**TRY IT**
Repeat the data that follows exactly, starting at the line with "Купить The Exploited, Printbar, Свитшоты, TEX-196189-swi-2" and ending at the line with "close up of", and leave out every picture.

**DATA SECTION**
══════

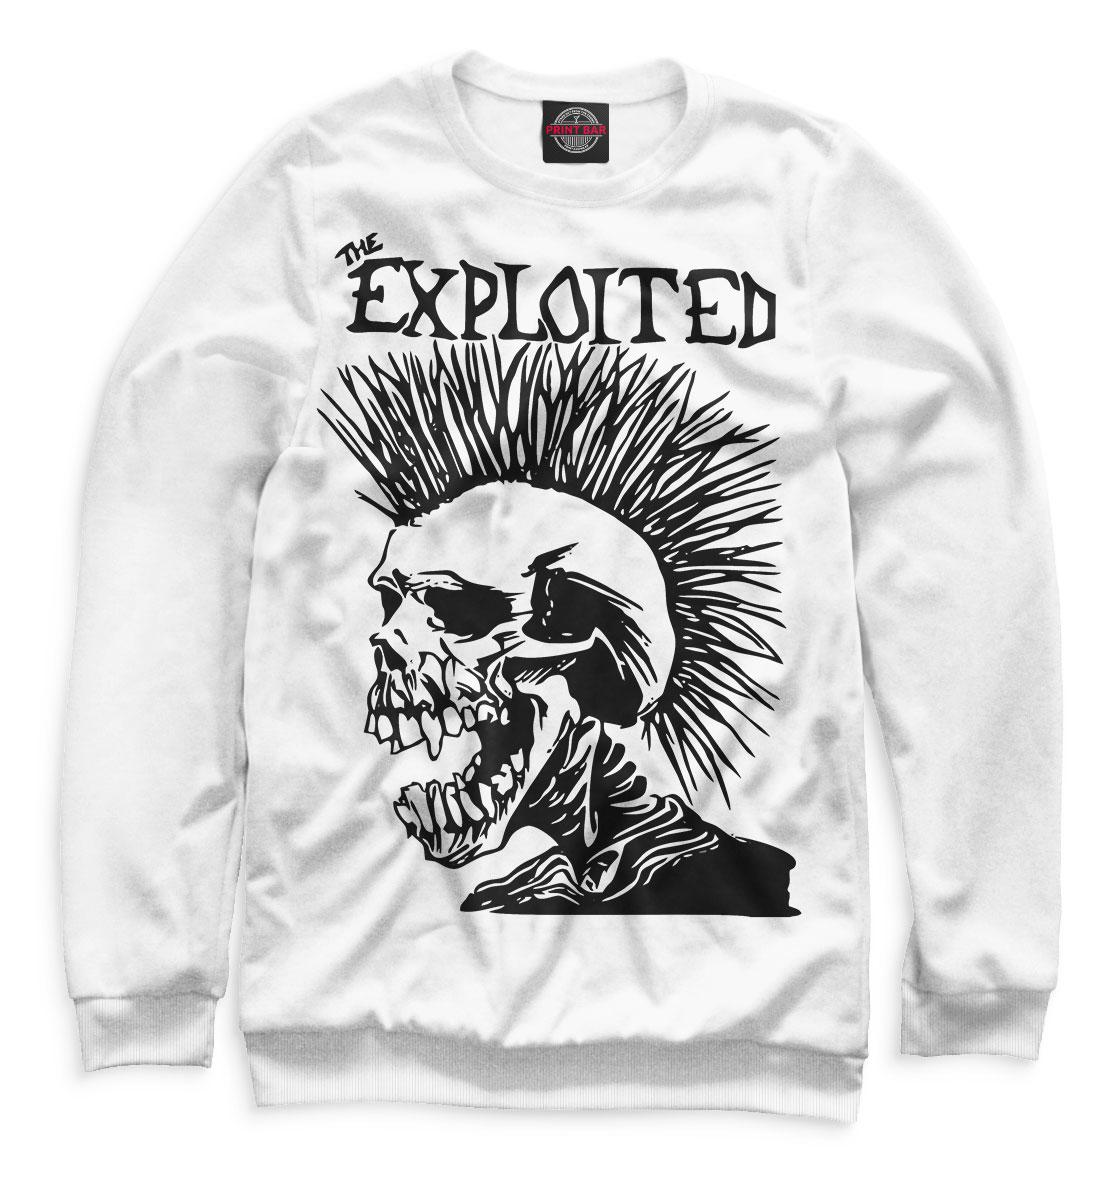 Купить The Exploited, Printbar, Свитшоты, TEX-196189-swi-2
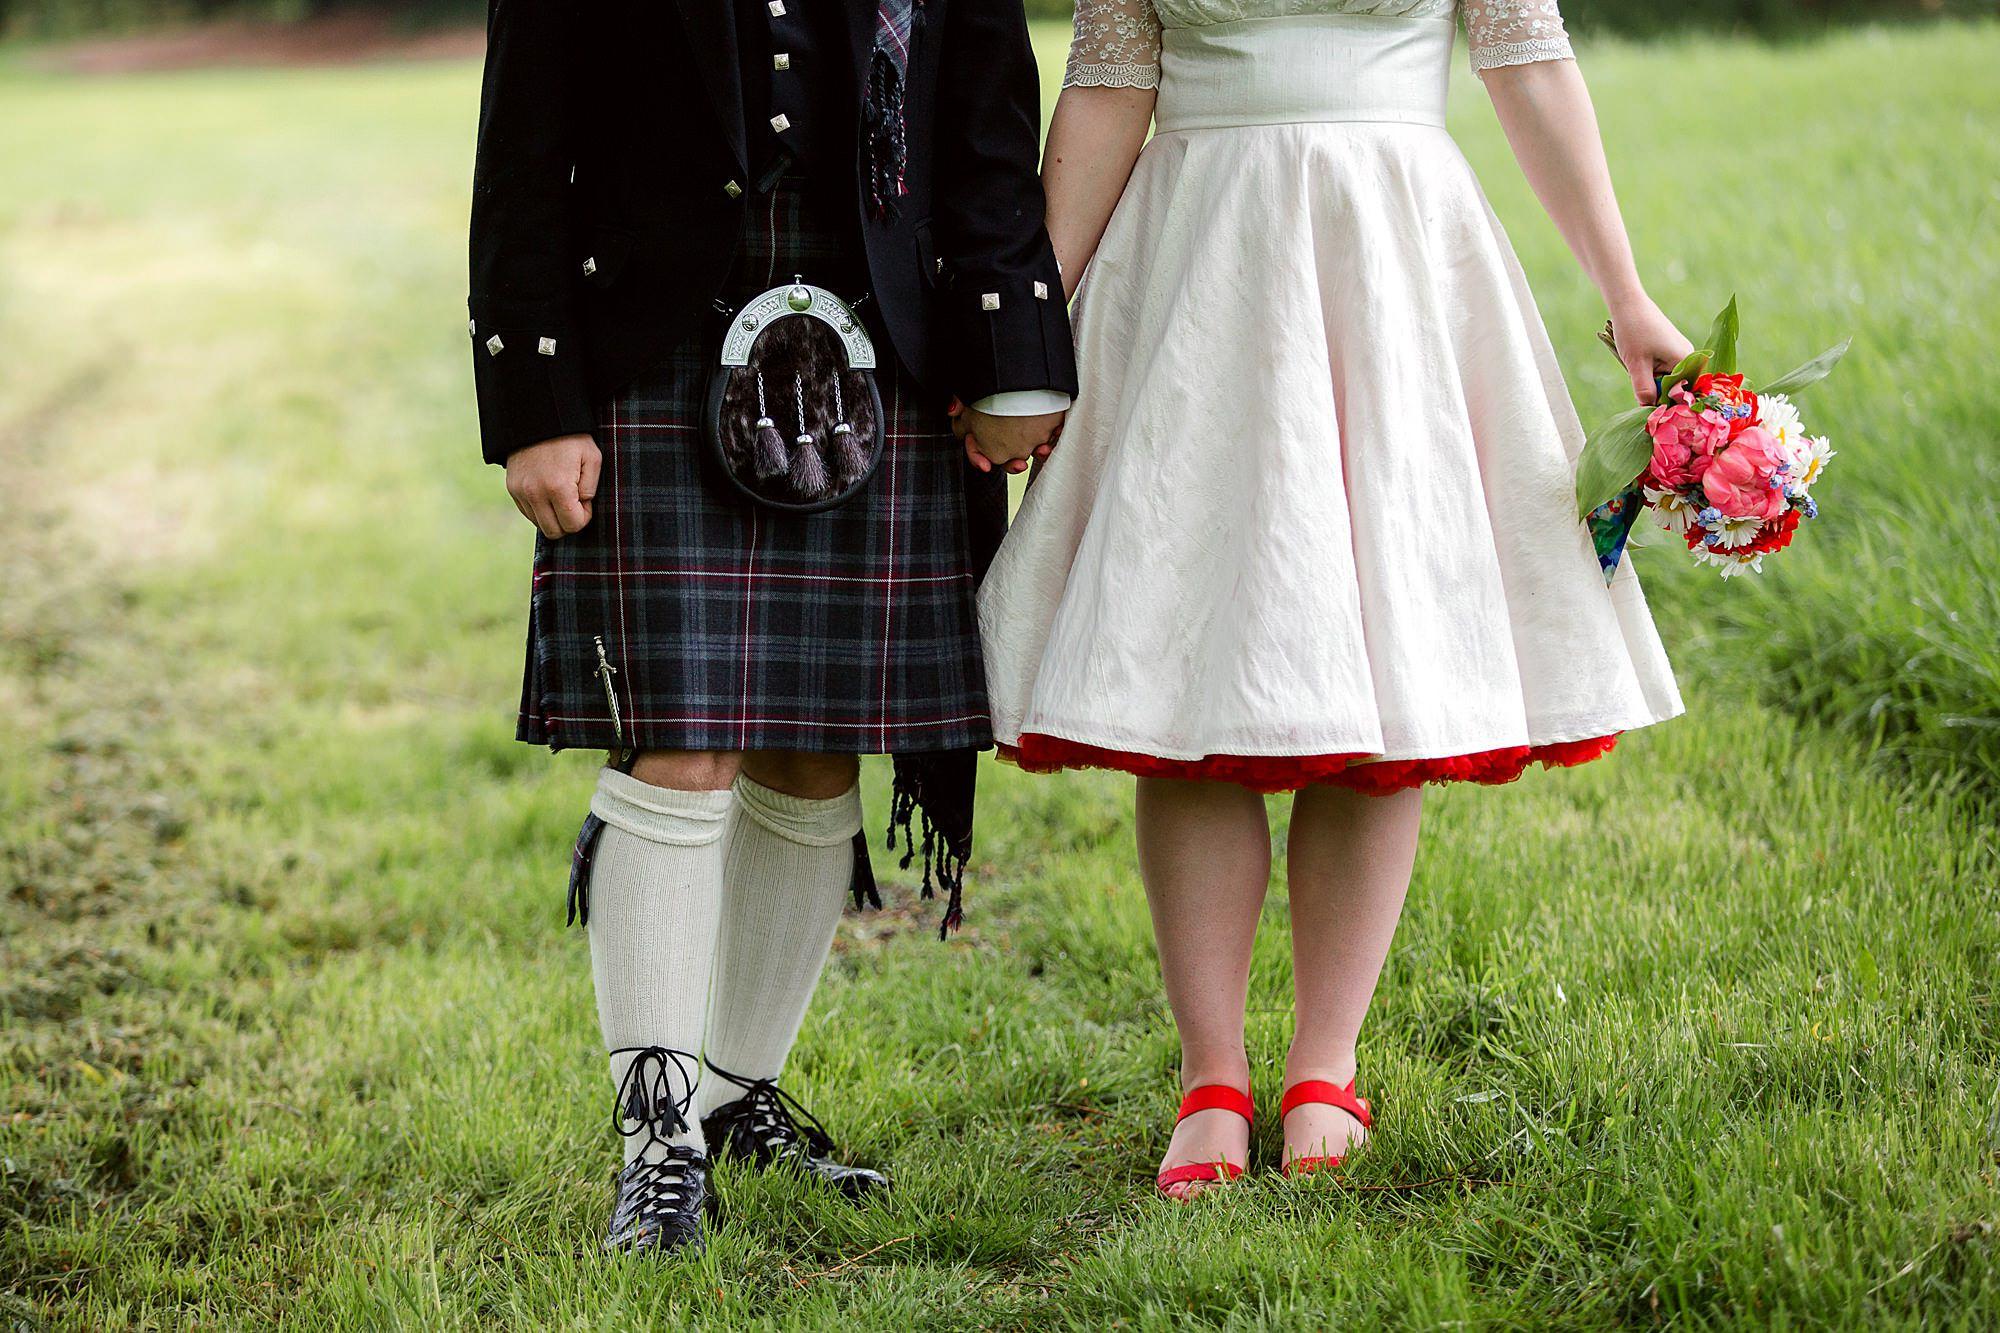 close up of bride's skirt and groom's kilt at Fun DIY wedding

══════

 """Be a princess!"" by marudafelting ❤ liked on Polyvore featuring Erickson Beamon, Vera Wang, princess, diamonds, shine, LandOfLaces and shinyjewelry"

══════

**EXPECTED ANSWER**
 Купить The Exploited, Printbar, Свитшоты, TEX-196189-swi-2
 close up of bride's skirt and groom's kilt at Fun DIY wedding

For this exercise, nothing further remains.